Keeping NC Workers’ Compensation Medical Benefits Alive
USE OF FORM 18M TO PROTECT MEDICAL BENEFITS
I. STATUTE, RULE AND PROCESS
The sudden termination of NC Workers’ Compensation medical treatment two years after the last payment of compensation in a NC workers’ comp case can have devastating consequences for workers compensation the claim. Fortunately the Form 18M is an easy and effective way to prevent that occurrence. N.C. Gen. Stat. § 97-25.1 provides: The right to medical compensation shall terminate two years after the employer’s last payment of medical or indemnity compensation unless, prior to the expiration of this period, either: (i) the employee files with the Commission an application for additional medical compensation which is thereafter approved by the Commission, or (ii) the Commission on its own motion orders additional medical compensation. If the Commission determines that there is a substantial risk of the necessity of future medical compensation, the Commission shall provide by order for payment of future necessary medical compensation.
N.C. Gen. Stat. § 97-25.1 is implemented by Industrial Commission Rule 408. When the parties agree on the provision of additional NC Workers’ Compensation medical treatment, the Industrial Commission may order its approval by stipulation of the parties, or by approval of a Form 21 (Agreement for Compensation for Disability) or a Form 26 (Supplemental Agreement as to Payment of Compensation). Absent an agreement by the parties the IC may order the approval of additional medical on its own motion or by approval of a Form 18M. Filing a Form 18M tolls the two year time limit. Rule 408.
A Form 18M should be filed with the Executive Secretary of the Industrial Commission, with copies to the employer or carrier/administrator and any attorney of record. Upon receipt the Executive Secretary will provide notice of the filing to defendants, who then have thirty days to accept or deny the motion. Rule 408. Either party may appeal the Executive Secretary’s decision by Form 33 with in 15 days. Rules 408, 703. An appeal stays the effect of the Executive Secretary’s order, absent dissolution of the stay by the NC Industrial Commission for good cause shown. Rule 408.
II. STANDARDS AND BURDENS
Generally, an employee may seek additional NC Workers’ Compensation medical treatment that “lessens the period of disability, effects a cure or gives relief.” Taylor v. Bridgestone/Firestone, 157 N.C. App. 453, 457 (2003) (quoting Parsons v. Pantry, Inc, 126 N.C. App. 540 (1997) and Renninger v. Prestige, 136 N.C. App. 255 (1999)). When such additional medical treatment is necessary, “there arises a rebuttable presumption that the treatment is directly related to the original compensable injury and the employer has the burden of producing evidence showing the treatment is not directly related to the compensable injury. Id. at 458 (quoting Renninger). This “Parsons presumption,” that additional medical treatment is related to the original injury, applies in the 18M context. Perez v. American Airlines, 174 N.C. App. 128, 136 (2005). In ruling on an 18M the IC must first asses whether Plaintiff has shown that there is a “substantial risk” the he or she will require future medical treatment. Once the Plaintiff meets this burden, the inquiry turns to whether the defendants can meet their burden to prove the treatment is not reasonably related to the compensable injury. Taylor, 157 N.C. App. at 458. Presumably treatment for distinct medical conditions that flow directly and naturally from the original injury should also be approved. See Bondurant v. Estes Express, 167 N.C. App. 259 (2004).
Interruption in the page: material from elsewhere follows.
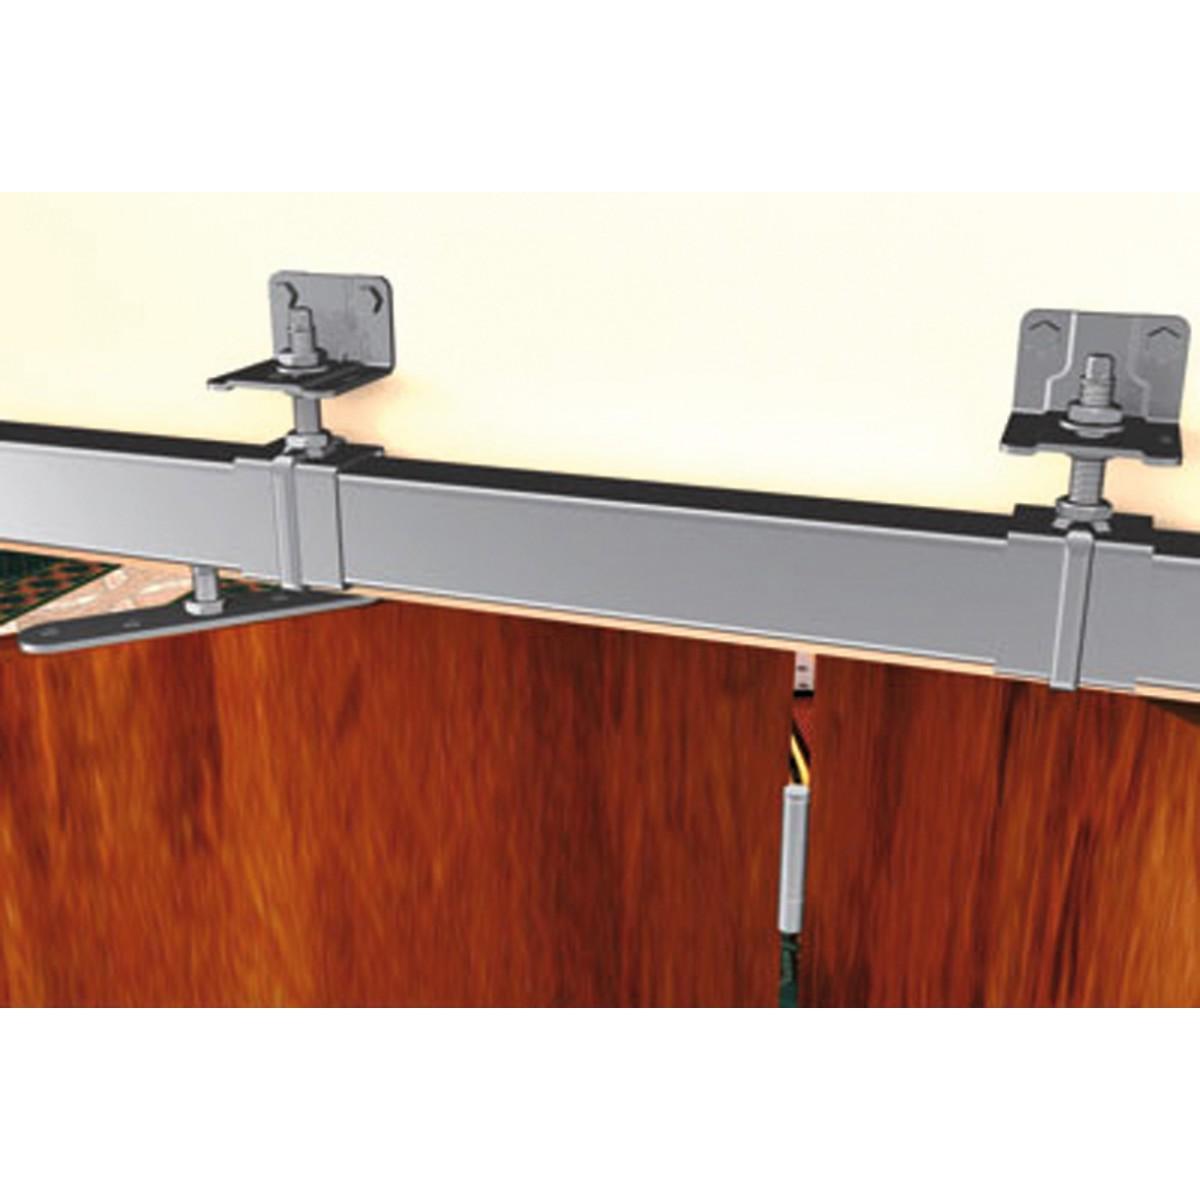 Ferrure de porte à déplacement droit pour porte de 150 kg Mantion Flot - Monture à galet fixation sur chant - Delrin 255D - Vendu par 2
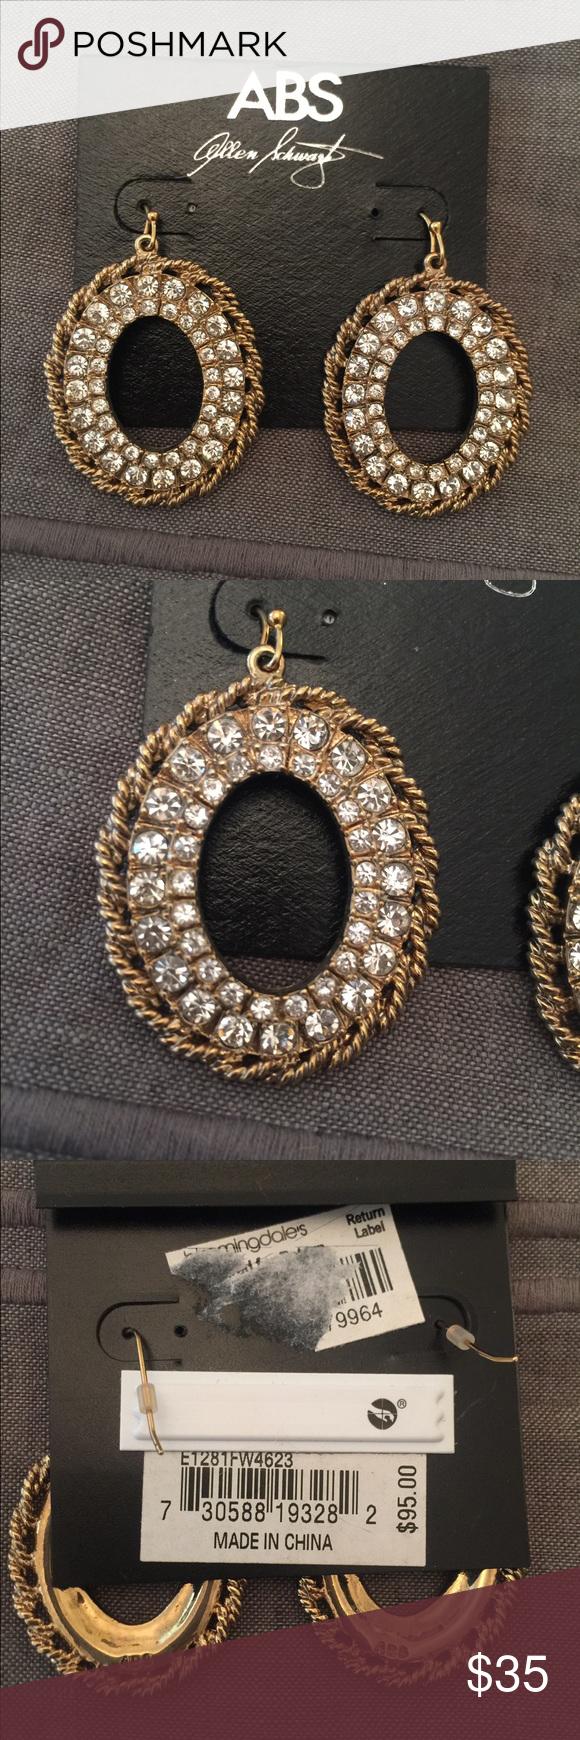 ABS Allen Schwartz Earrings Never worn. Paid $95 Steve Madden Jewelry Earrings

III. “POSSIBLE” FUTURE TREATMENT CAN BE ORDERED
Where the Full Commission found that Plaintiff “will require future medical treatment including a possible knee replacement” and ordered that the defendants would be responsible for that surgery some time in the future, the Court of Appeals upheld the order. Adams v. Frit Car, Inc., 185 N.C. App. 714 (2007). The Court of Appeals noted in that case that the Full Commission also found that two doctors had testified that plaintiff would “likely” need additional treatment for his knee. Id. at 719. In Queen v. Penske Corporation, 174 N.C. App. 814 (2005), the Court of Appeals squarely held that an order that defendants pay for “possible” future NC Workers’ Compensation medical treatment was reasonable.